Supplied material:
------------------------------------------------------------

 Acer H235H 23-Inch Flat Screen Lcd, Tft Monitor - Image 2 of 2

------------------------------------------------------------

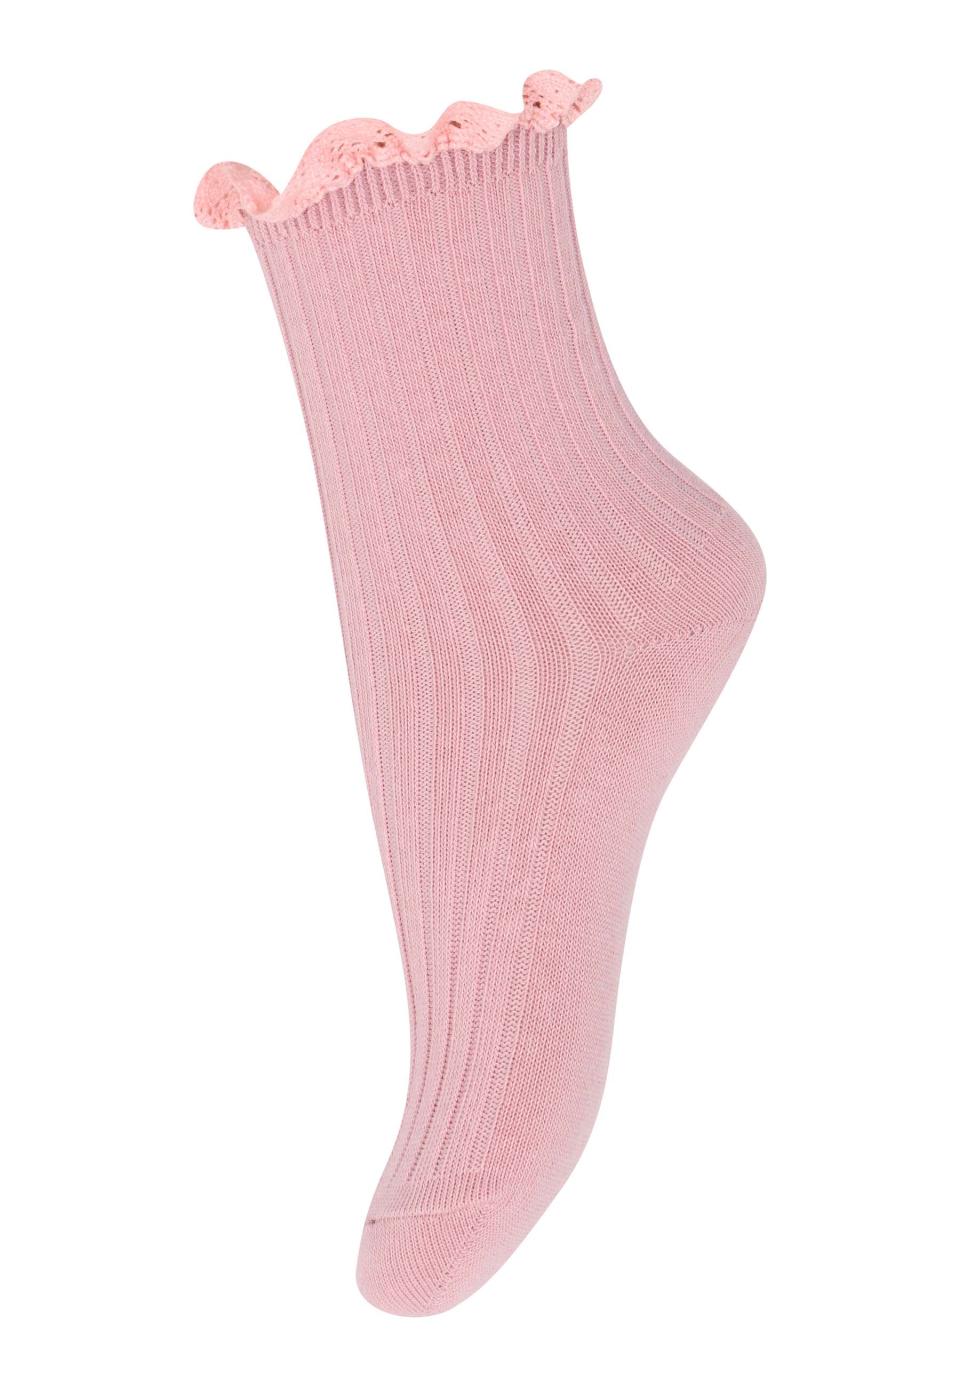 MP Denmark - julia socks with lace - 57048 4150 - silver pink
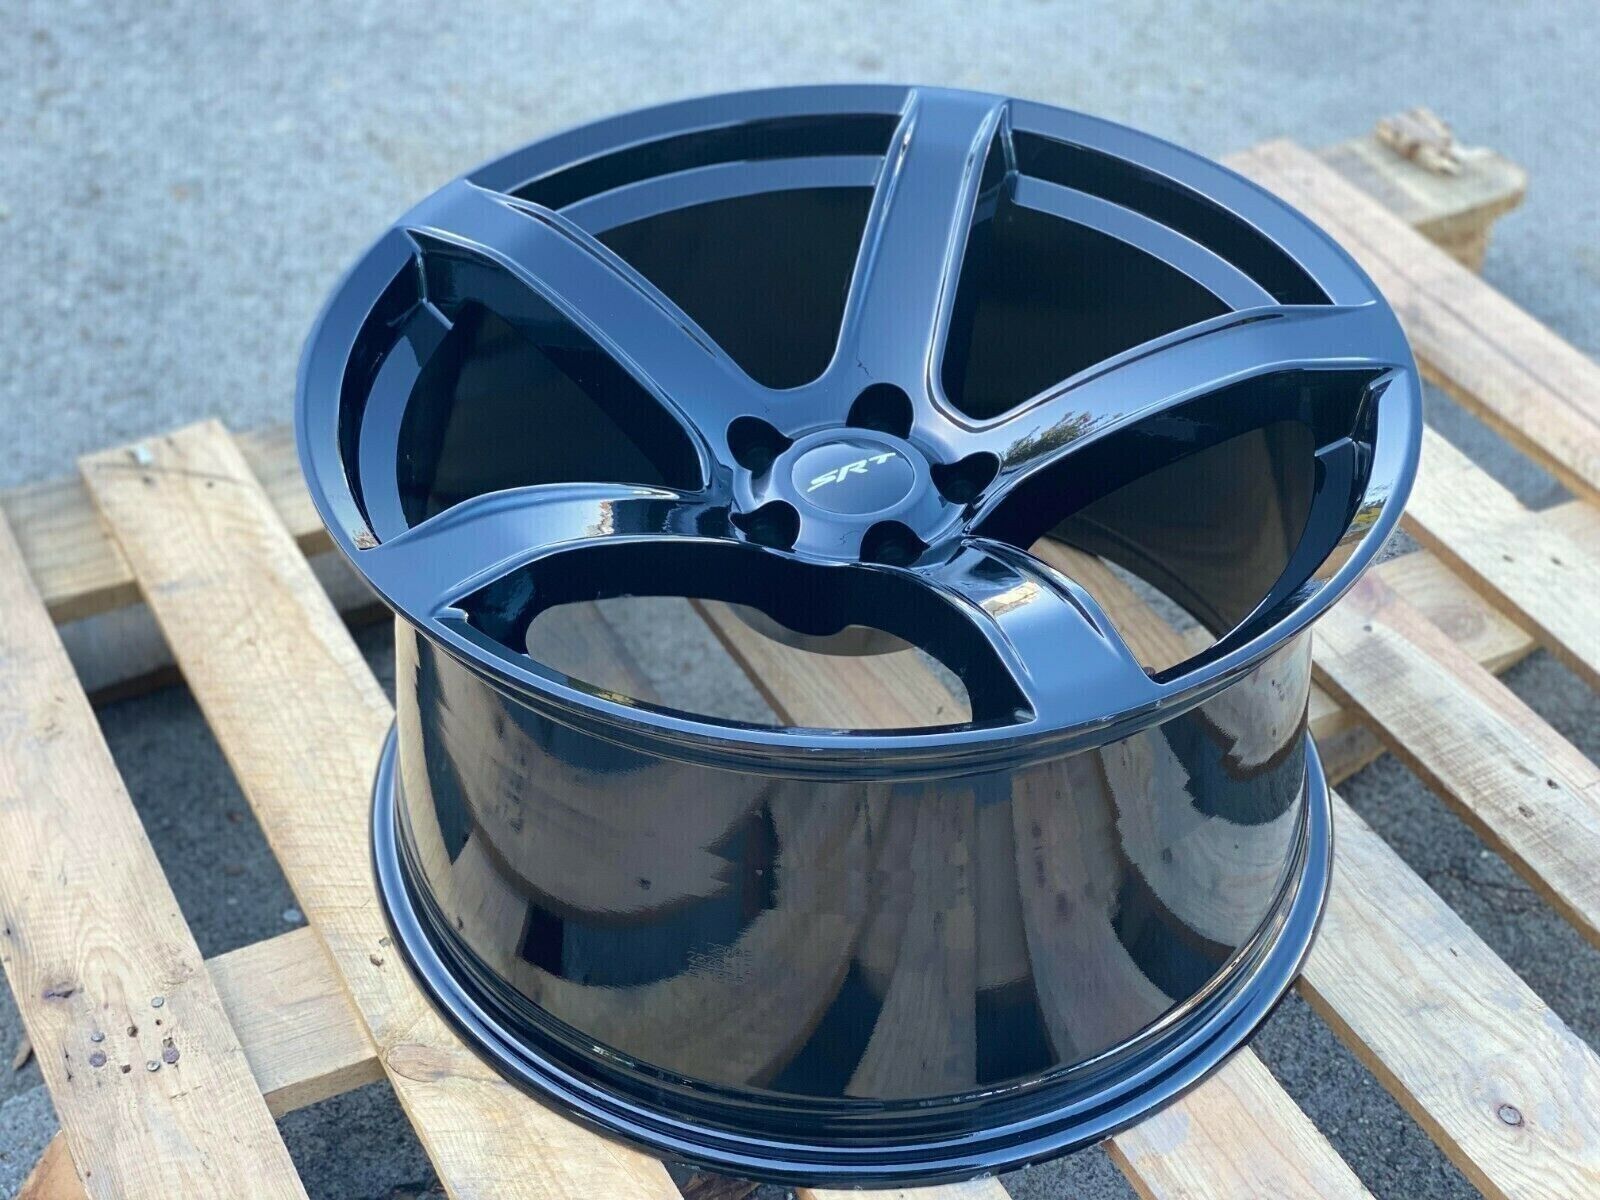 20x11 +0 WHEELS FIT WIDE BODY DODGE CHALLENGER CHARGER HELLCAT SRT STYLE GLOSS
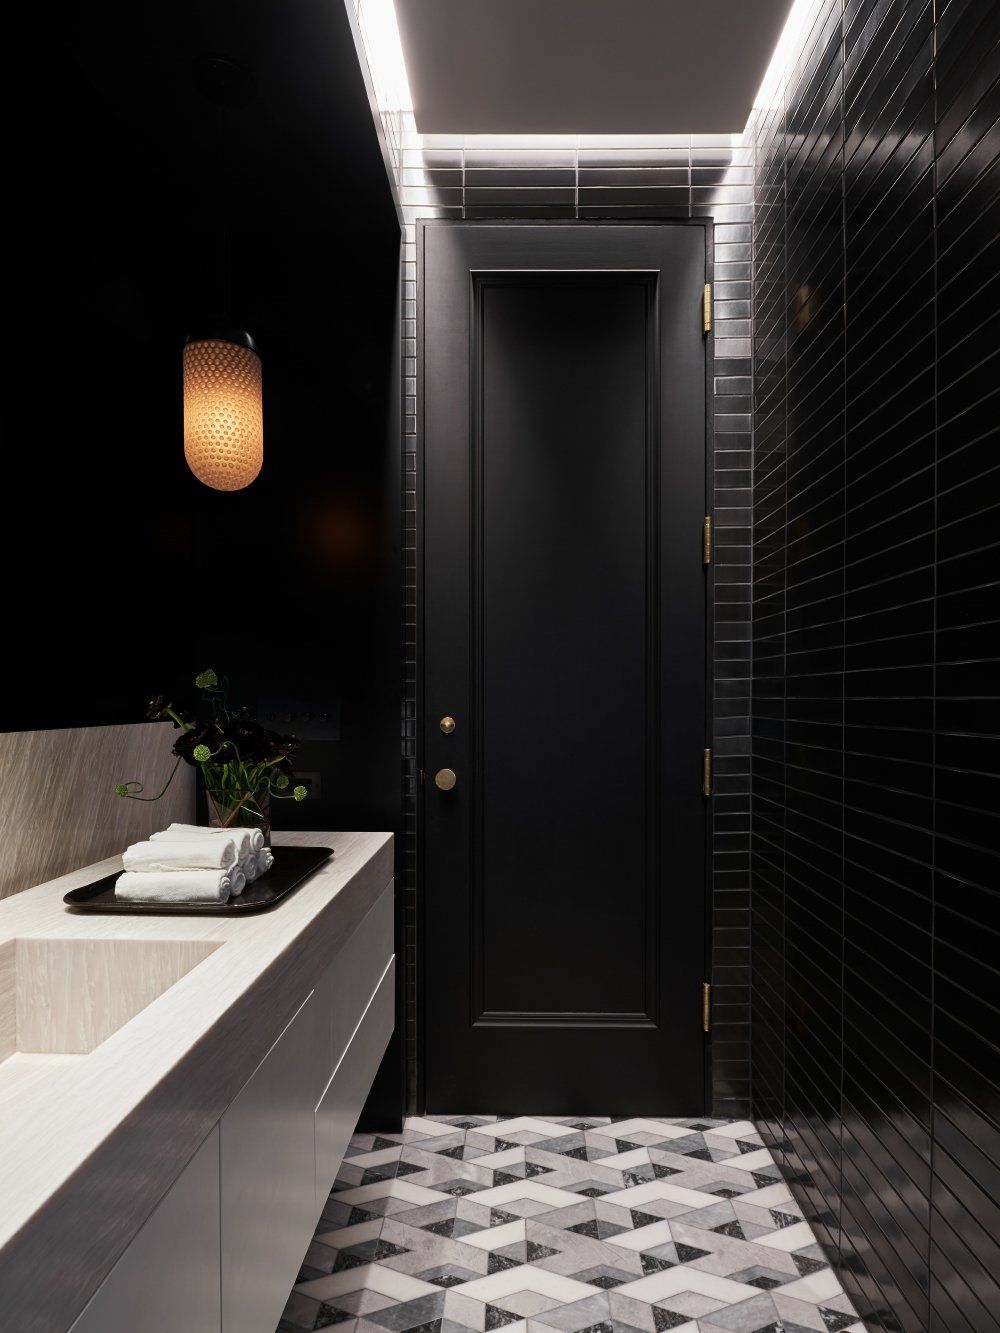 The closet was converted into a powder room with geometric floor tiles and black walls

------------------------------------------------------------

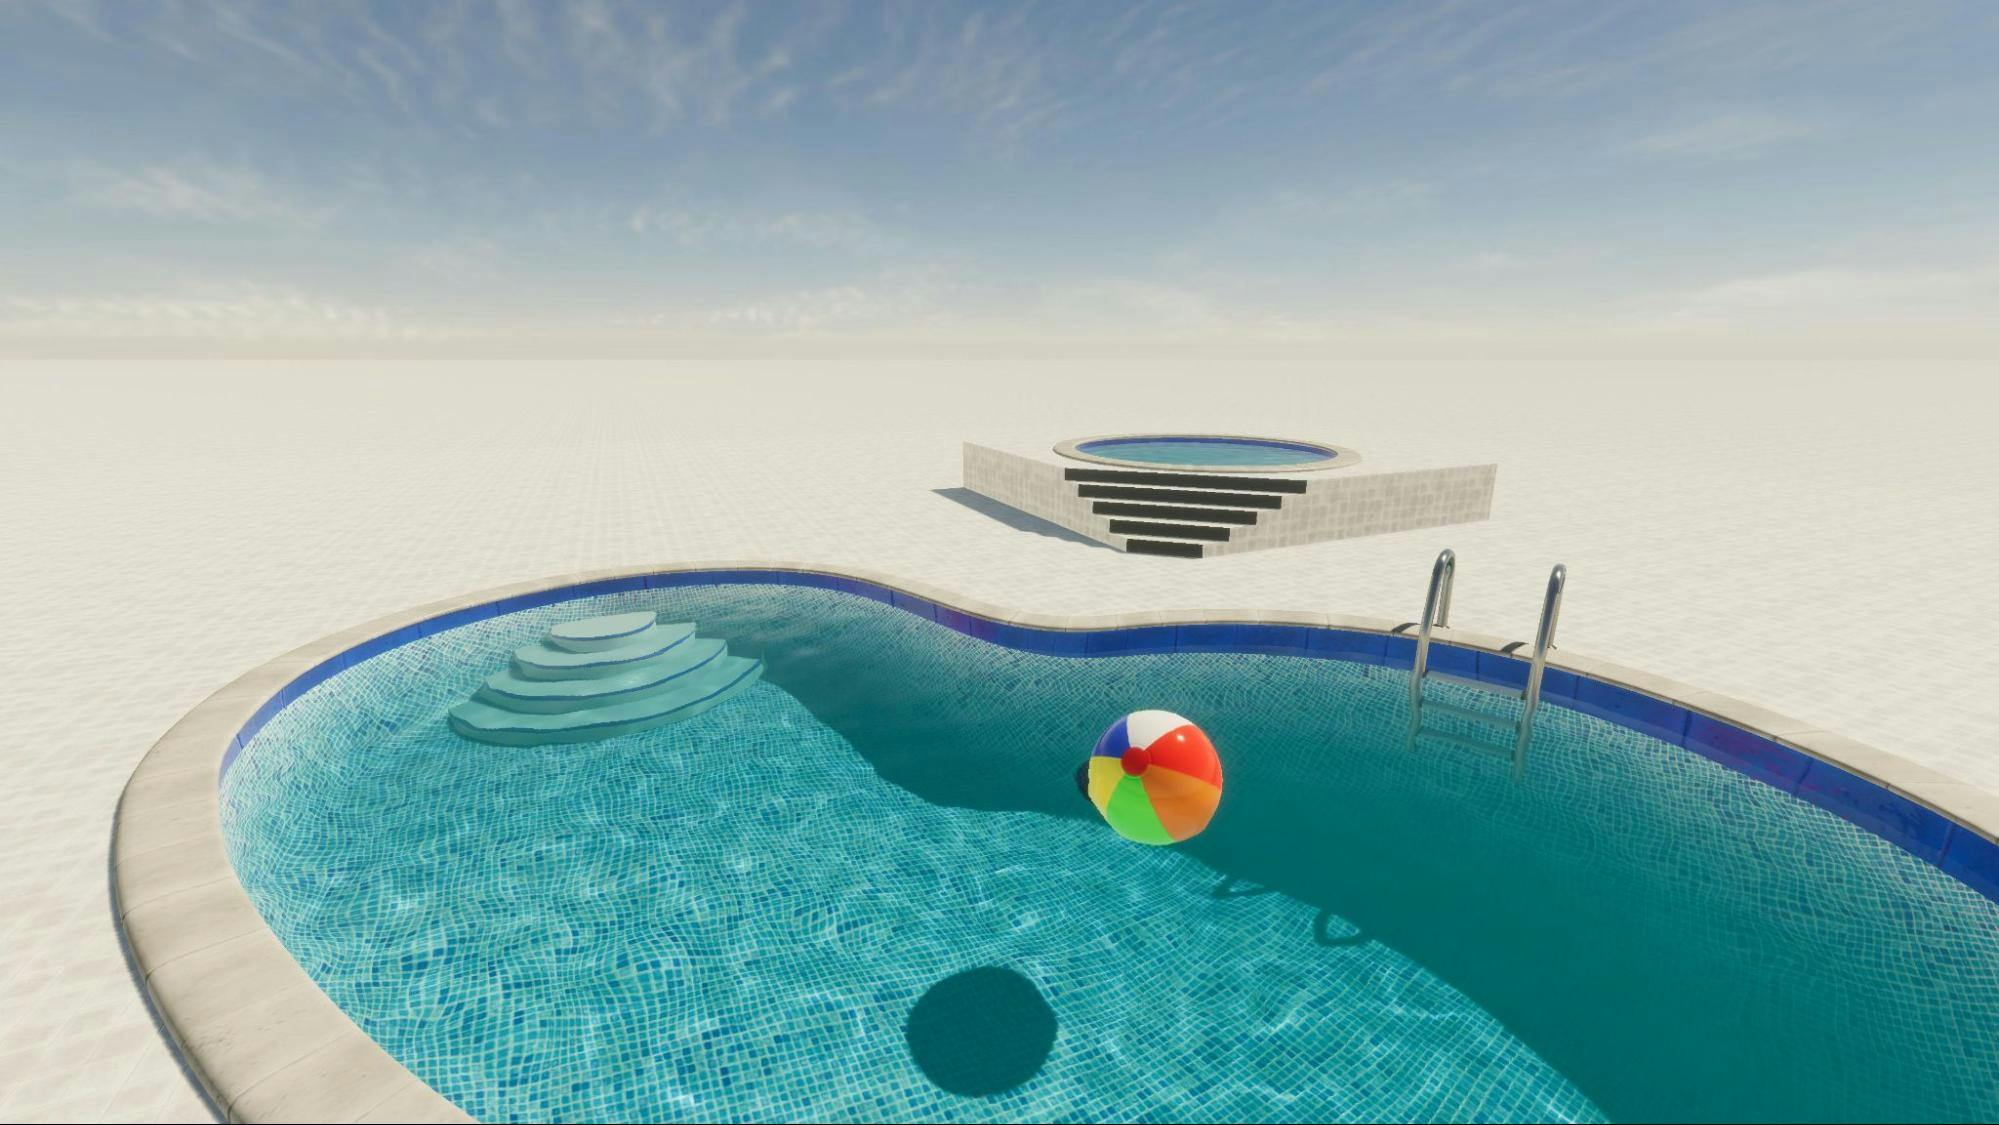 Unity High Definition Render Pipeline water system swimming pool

------------------------------------------------------------

What is expected:
Would you please reproduce the entries above, starting at the line with "MP Denmark - julia" and stopping after the line with "The closet was"? Omit any pictures.

Task result:
 MP Denmark - julia socks with lace - 57048 4150 - silver pink
 20x11 +0 WHEELS FIT WIDE BODY DODGE CHALLENGER CHARGER HELLCAT SRT STYLE GLOSS
 The closet was converted into a powder room with geometric floor tiles and black walls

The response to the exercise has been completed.